**WORK REQUEST:**
Within the records below, find the line with "My Choice Stuff" and the line with "Birds hd wallpapers", then reproduce exactly those two lines and all lines between them, without any picture.

**THE RECORDS:**

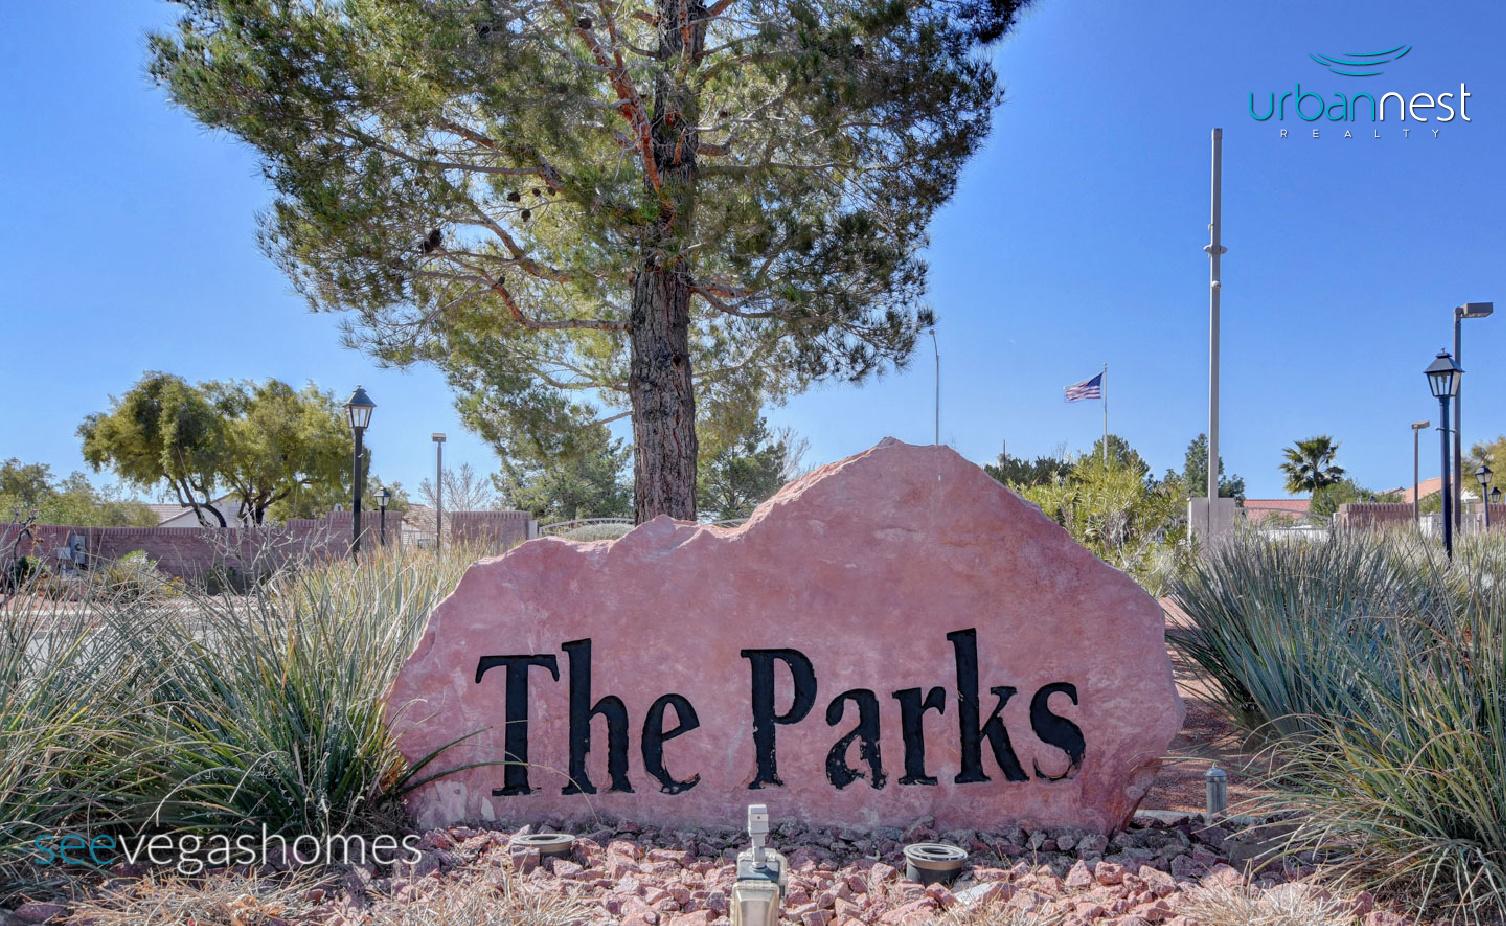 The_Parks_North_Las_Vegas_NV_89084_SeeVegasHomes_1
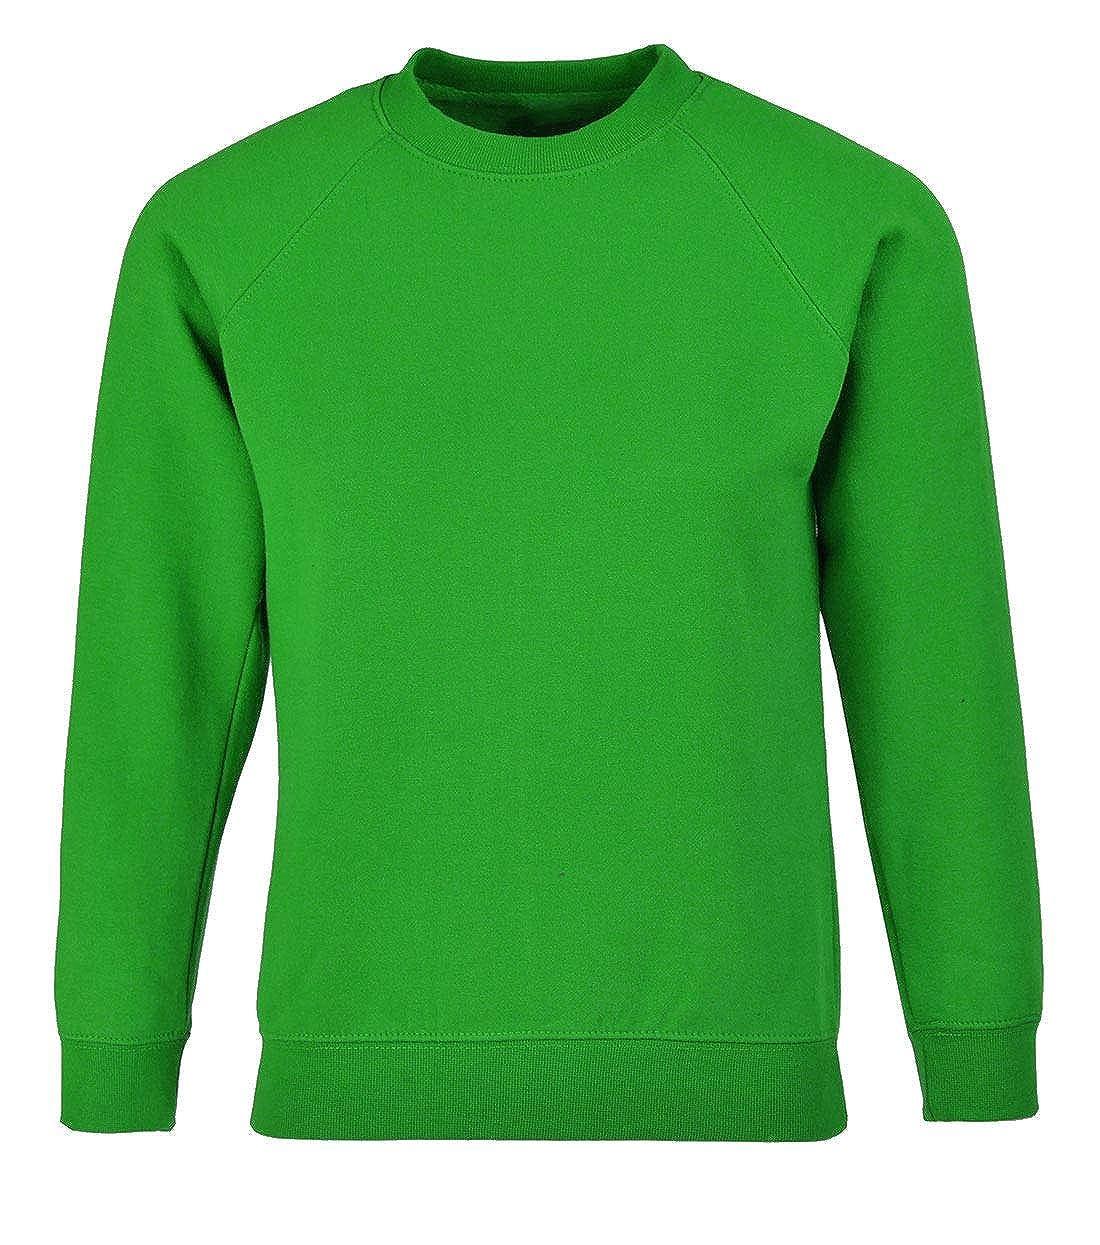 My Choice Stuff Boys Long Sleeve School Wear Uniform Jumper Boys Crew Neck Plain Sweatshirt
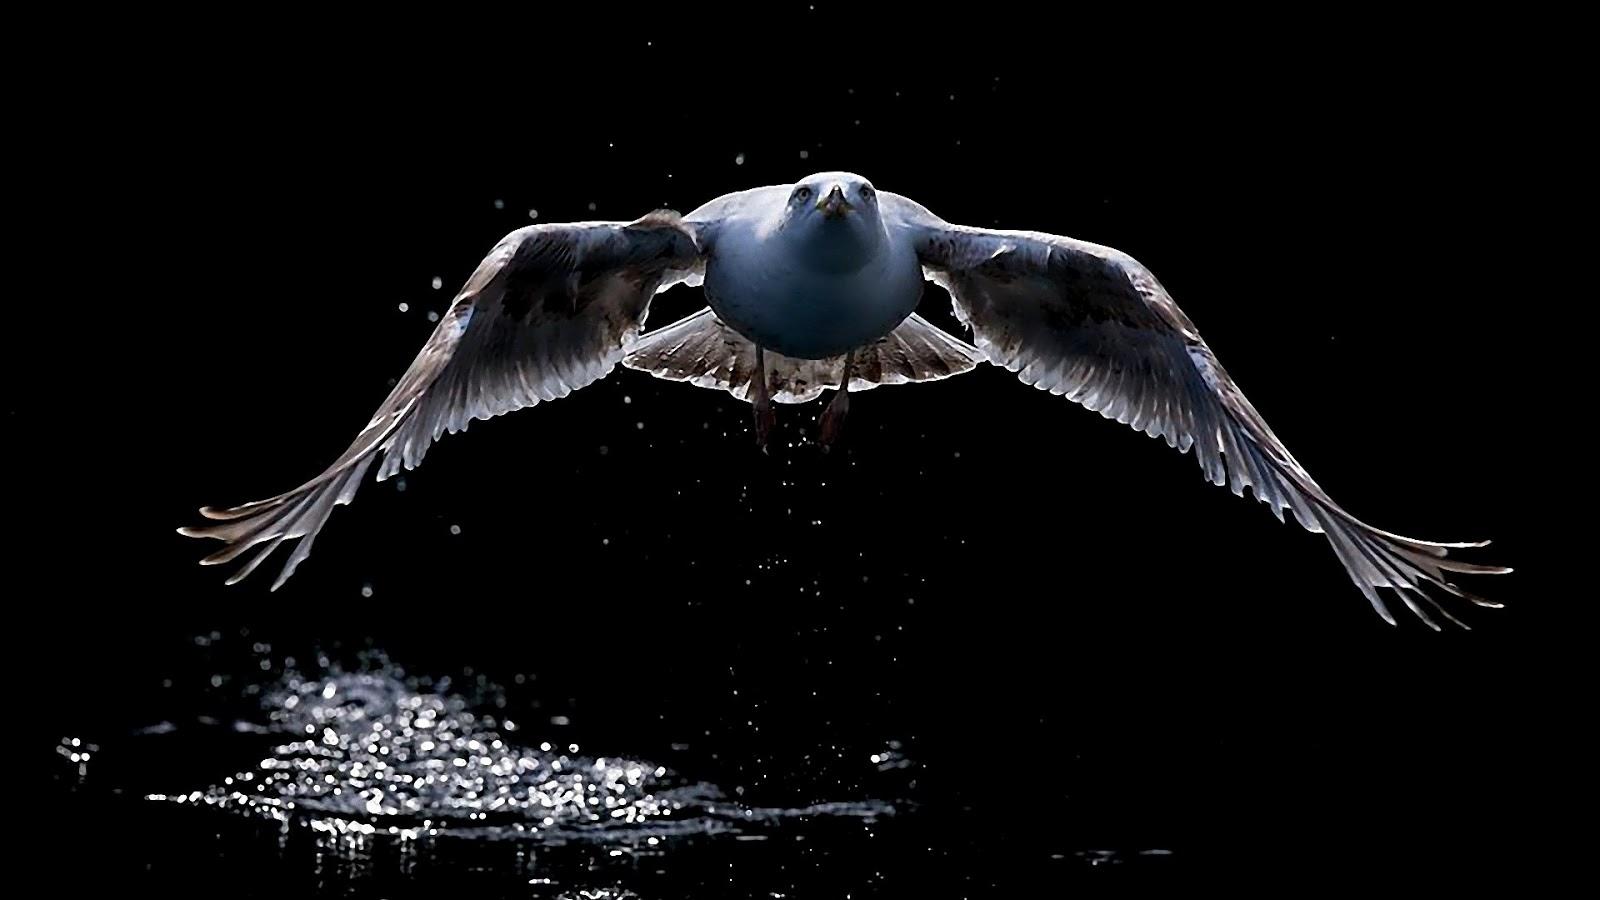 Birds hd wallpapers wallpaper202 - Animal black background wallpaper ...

---

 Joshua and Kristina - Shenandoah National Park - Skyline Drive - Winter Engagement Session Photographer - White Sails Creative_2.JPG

* * *

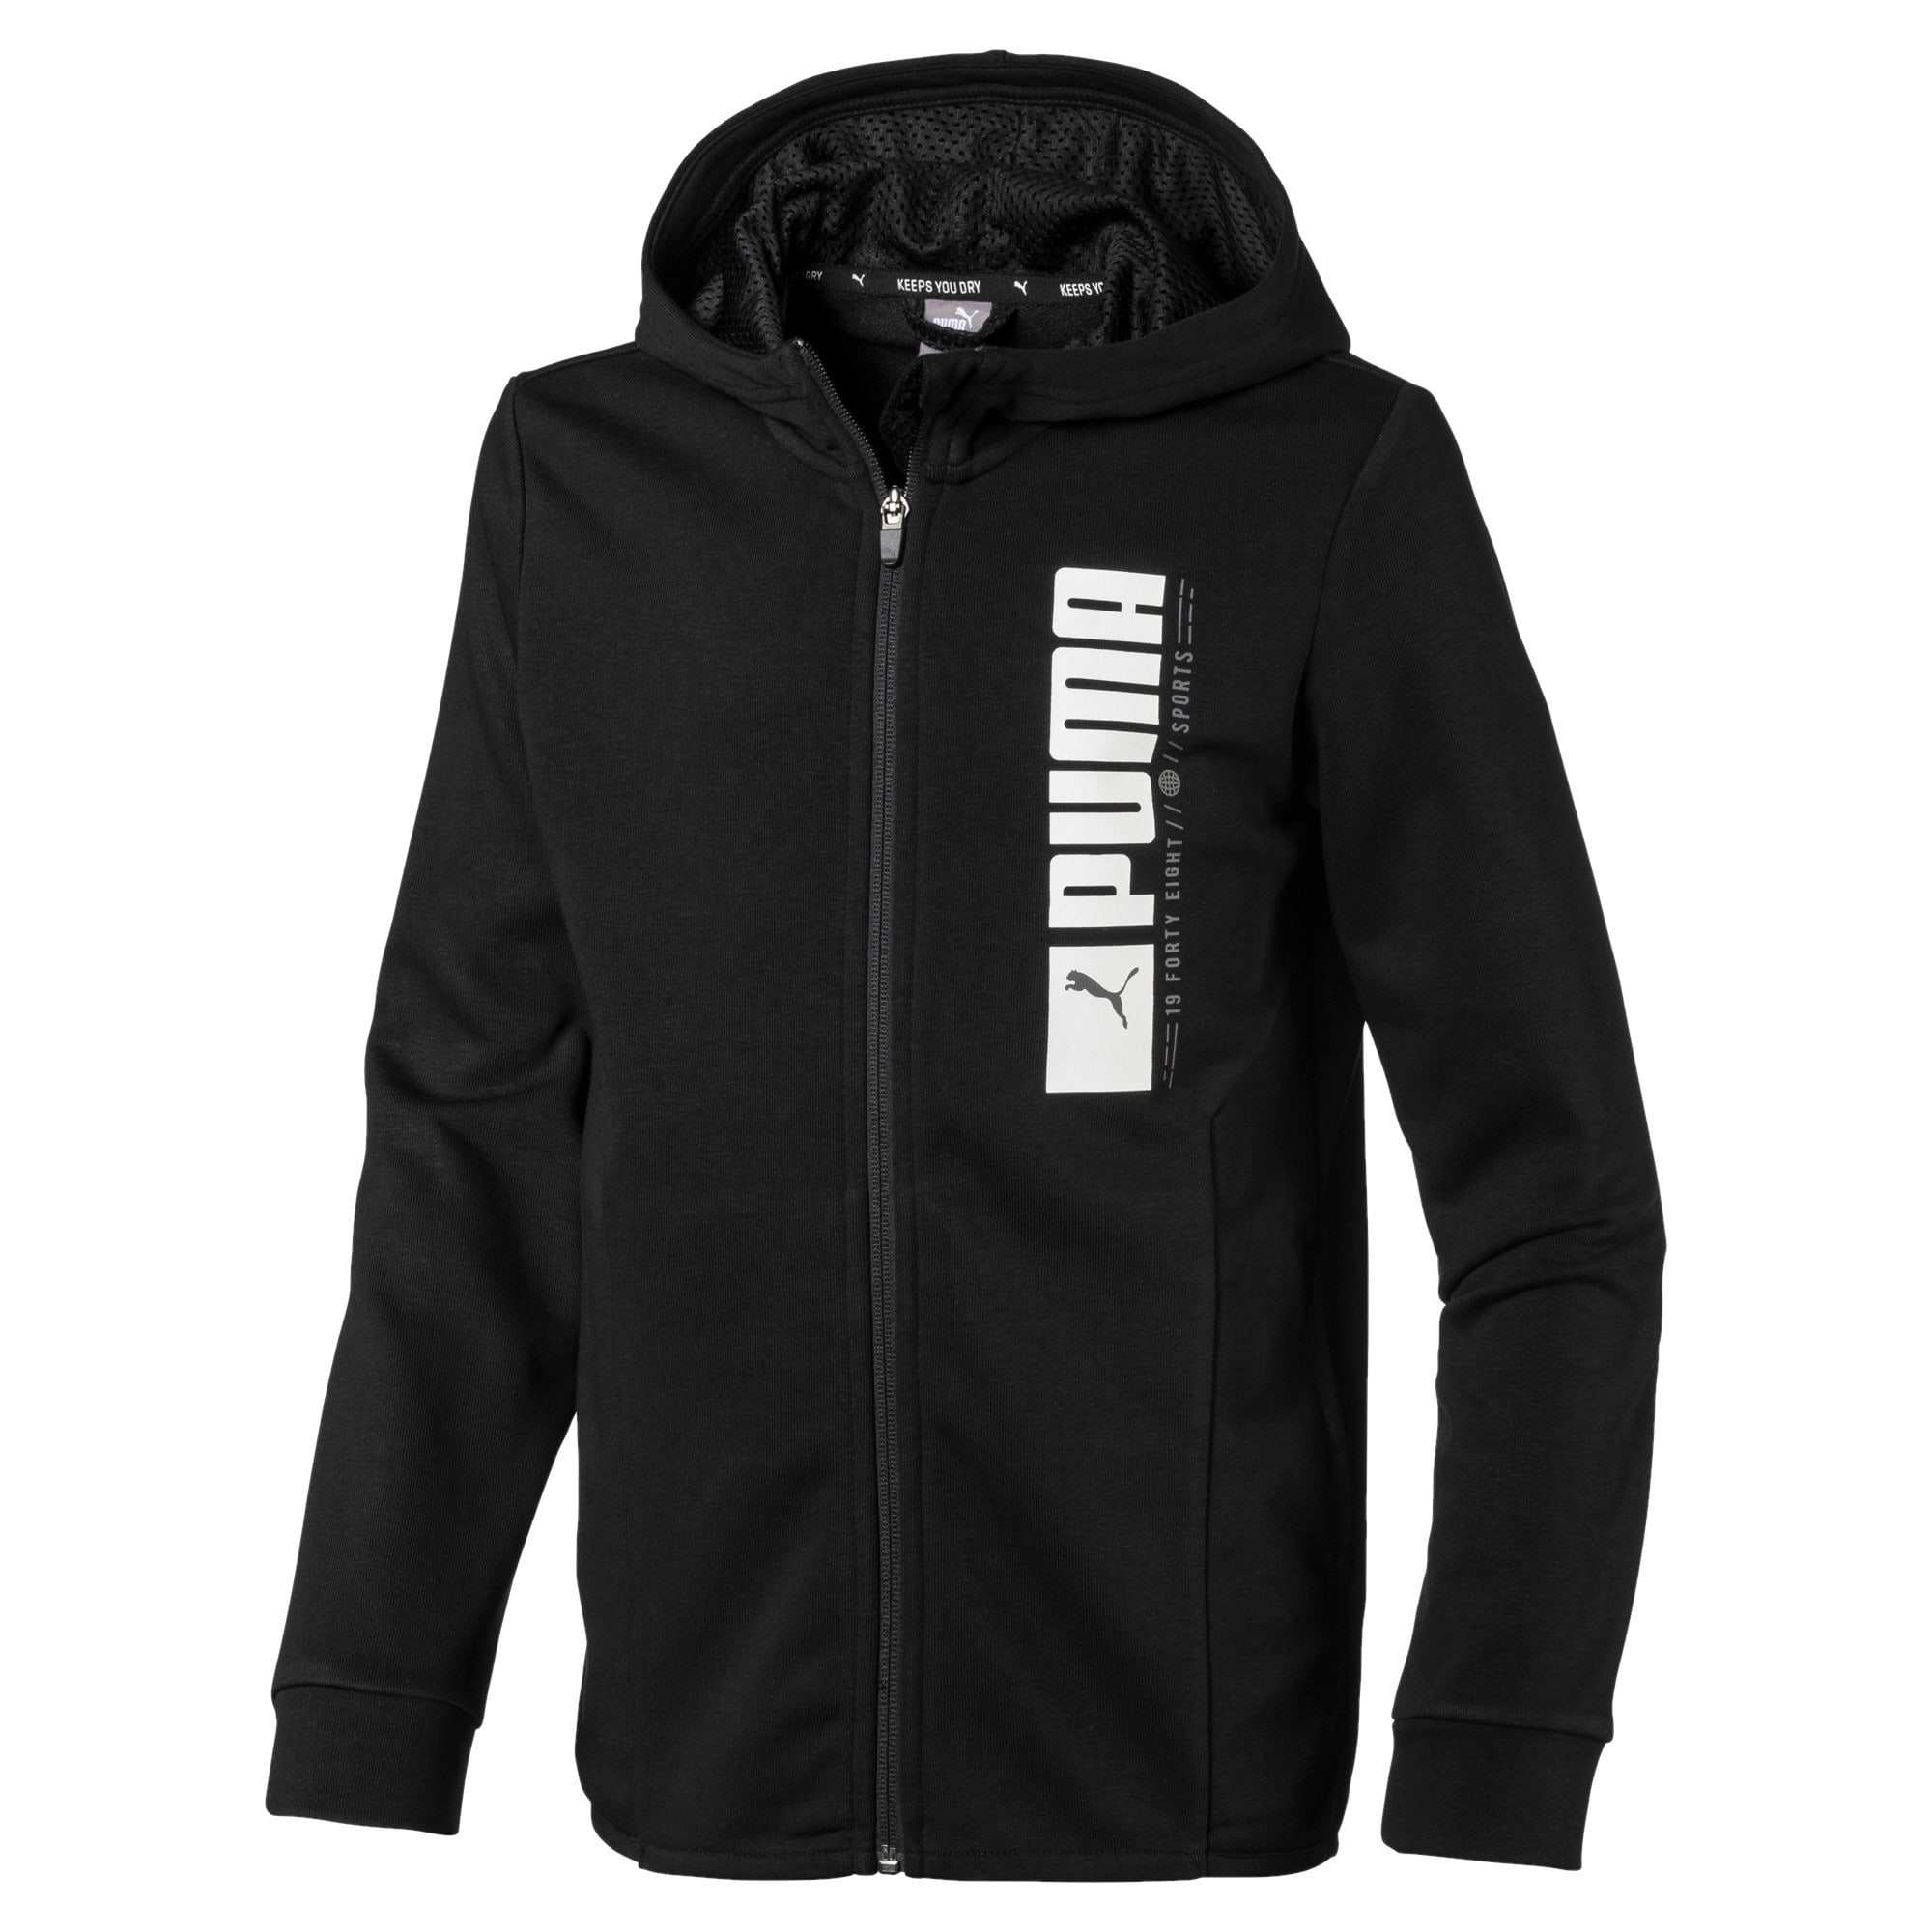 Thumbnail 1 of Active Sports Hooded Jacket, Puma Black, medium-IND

**RESPONSE:**
 My Choice Stuff Boys Long Sleeve School Wear Uniform Jumper Boys Crew Neck Plain Sweatshirt
 Birds hd wallpapers wallpaper202 - Animal black background wallpaper ...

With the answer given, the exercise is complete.